Plaintiffs satisfied the “relatedness” prong because they essentially alleged that Defendants engaged in “criminal acts that have the same or similar purposes, results, participants, victims, or methods of commission, or otherwise are interrelated by distinguishing characteristics and are not isolated events.”

In regards to continuity, Plaintiffs adequately alleged close-ended continuity as these were continuous acts occurring over a substantial period of time, i.e., at least eleven (11) years. Plaintiffs also adequately alleged that the pattern of racketeering activity constituted “open-ended” continuity based upon a threat of continuing racketeering activity because the predicate activity constituted the regular way Defendants did business. Because such criminal conduct was part of the regular way Pickell, Hope, and C. Hope did business it gives rise to the inference that such offenses will continue indefinitely if not interrupted. Hope and C. Hope continue to maintain the exclusive right to process serving in the County and continue their close relationships with County officials, including Defendant Pickell.

Furthermore, Plaintiffs allege that the continuous acts will continue indefinitely because Defendants “continue to maintain the exclusive right to process serving in the County and continue their close relationships with County officials, including Defendant Pickell.

Thus, the court ruled that Plaintiffs have pled sufficient facts in support of their civil RICO claim to survive a motion to dismiss.

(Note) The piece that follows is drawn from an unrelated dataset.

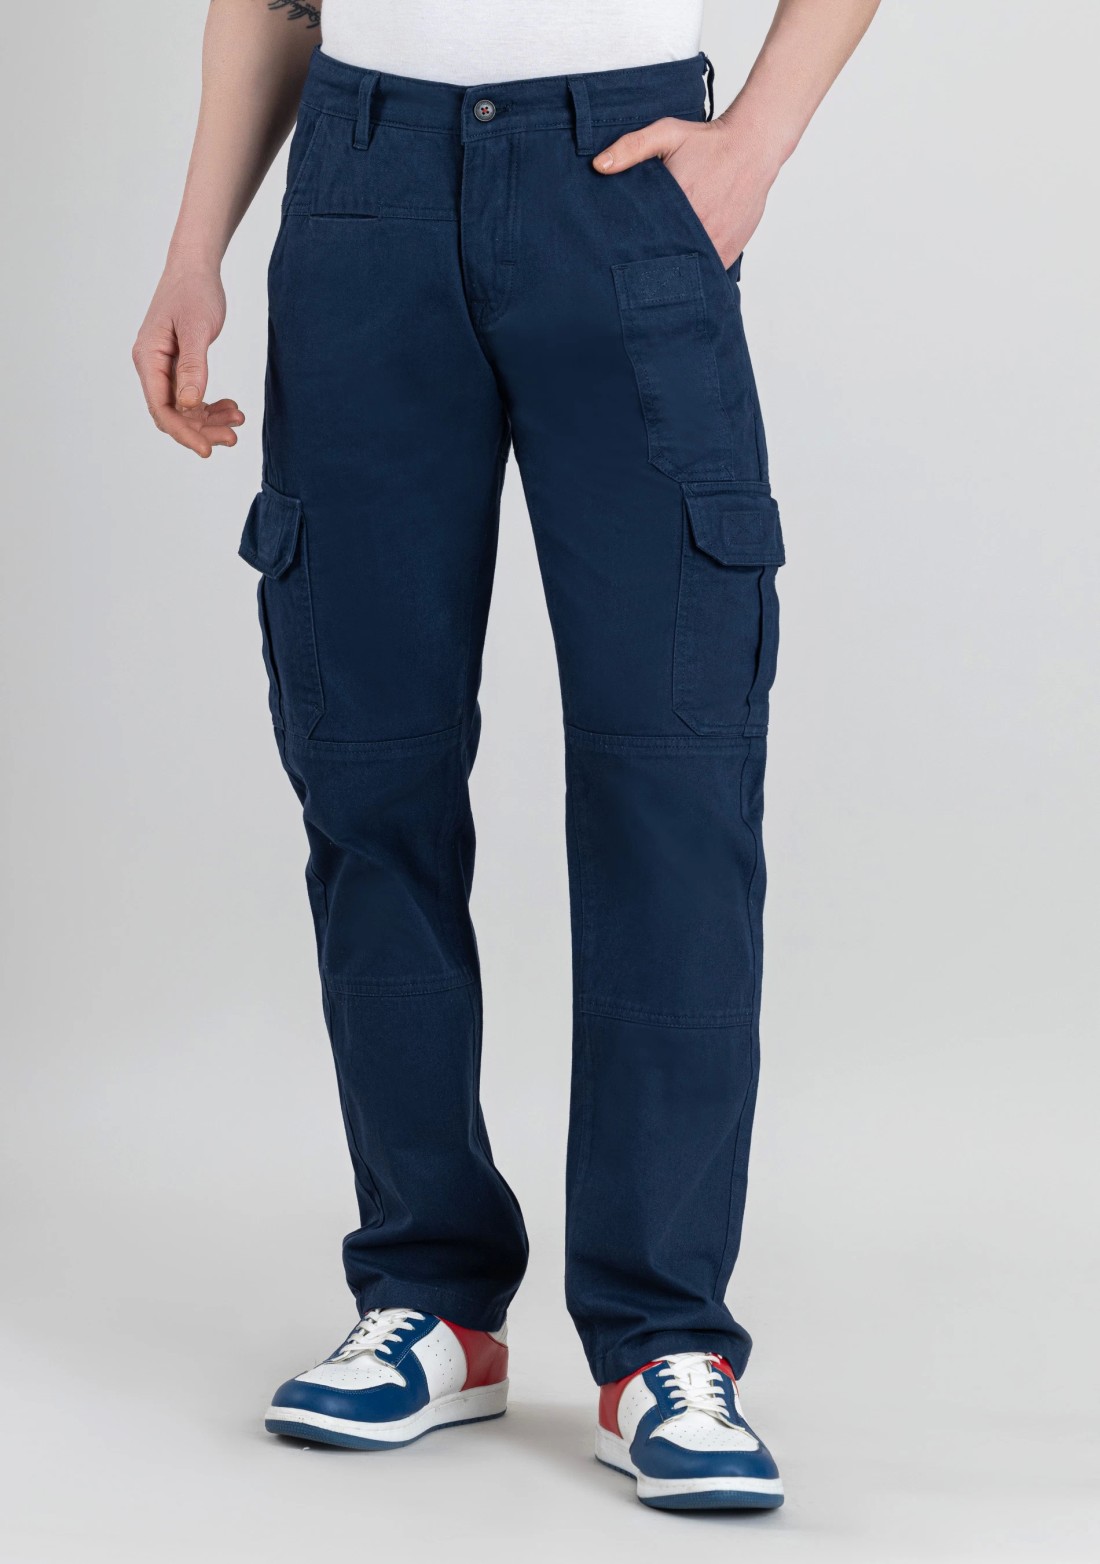 Feelin' Nauti Blue Cargo Pants | Blue cargo pants, Cargo pants outfit,  Olive green cargo pants

Accordingly, amendment would not be “futile.”

The court also found the amendment would not unduly prejudice the defendants. Undue prejudice is often found when the delay in amending the pleadings is unexplained, unjustified, and the case has already reached an advanced stage of litigation, which is not the case here. The court stated that no undue prejudice exists from amended pleadings simply because the opposing party would have to defend against new or better pleaded claims.

Ed Note: This ruling effectively forecloses any motion to dismiss by Defendants.  This is an important case which shows that public corruption is clearly within the realm of civil RICO actions.